Testis kanserini evreleme yöntemleri şu şekildedir;

Bilgisayarlı Tomografi: Bilgisayarlı tomografi ileri teknolojik röntgen filmidir ve mesanenin 2 boyutlu kalınlıkları farklı olan kesitlerini alma prensibine dayanmaktadır.

Manyetik Rezonans: MRI tetkikleri sırasında hasta bir tüpün içerisine girmektedir. Bu test, çok kuvvetli manyetik bir alan ile radyo dalgaları kullanılarak yapılan bir test olduğu için hastalar tüpün içine girdiklerinde çok yüksek sese maruz kalabilmektedirler.

Testis kanserinin ilk evresinde, kanser sadece testistedir, henüz dışarı yayılmamıştır. Kanserin ikinci evresinde kanser karnın arka duvarında bulunan lenf bezlerine, üçüncü evresinde ise karaciğer, akciğer gibi diğer organlara yayılmış bulunmaktadır.

Testis Kanseri tedavi Yöntemleri: Testis kanserinin tedavisi yapılırken kanserin tipine ve hangi evrede olduğuna bakılmakta ve ona göre bir tedavi uygulanmaktadır.

Cerrahi Tedavi Yöntemi: bu tedavi yönteminde, testisin tamamı ve çevre dokusu karın bölgesindeki lenf düğümleri ile çıkartılmaya dayanmaktadır.

İlaç Tedavisi: İlaç tedavisi yani kemoterapiden önce genellikle nonseminomlarda cerrahi tedavi uygulanmaktadır. Daha sonra ise kemoterapi için cinsplatin gibi yan etkisi en az ilaçlar seçilmektedir.

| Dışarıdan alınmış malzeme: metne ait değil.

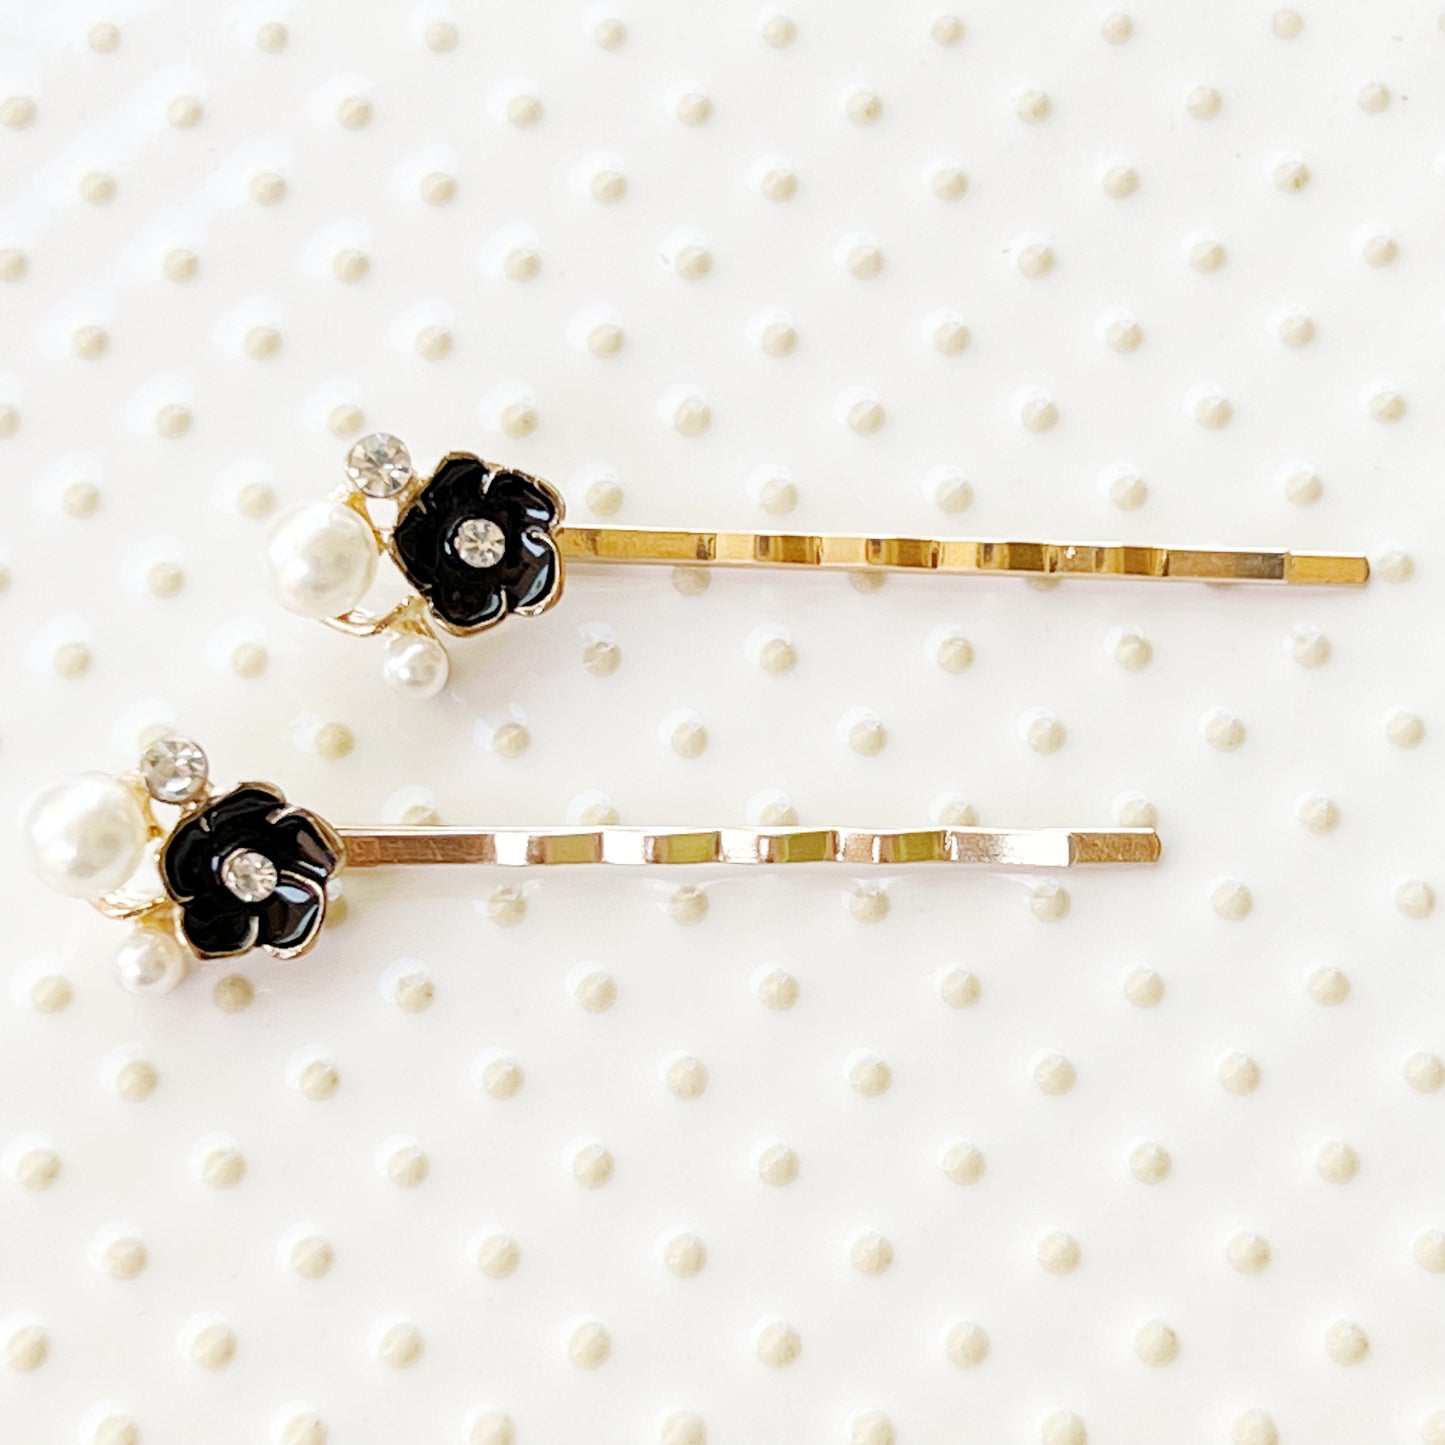 Black Flower Hair Pins - Floral Bobby Pins for Women's Hairstyles | Decorative Hair Accessories and Barrettes

Kemik İliği Nakli: Hastadan alınan kemik iliğinin kanser hücrelerini öldüren bir ilaç ile ilaçlanarak dondurulması ve sonrasında tekrar hastaya verilmesidir, ancak bu tedavi şekli hala araştırılma aşamasındadır.

Hastalarda lenf bezlerinin alınması penisin sertleşmesini ya da orgazmı olumsuz yönde etkilememektedir. Bunun yanı sıra, kısırlığa sebep olabilmektedir, ancak bu durum ilaçlar ile düzeltilebilecek bir durumdur. Ayrıca, radyoterapi yöntemi de spermleri öldürebilmektedir. Böyle bir durumda hastalarda genellikle tedaviden bir süre sonra düzelme görülmektedir. Dileyen kişiler bu riske karşı tedaviden önce sperm bankasında spermlerini saklatabilmektedirler.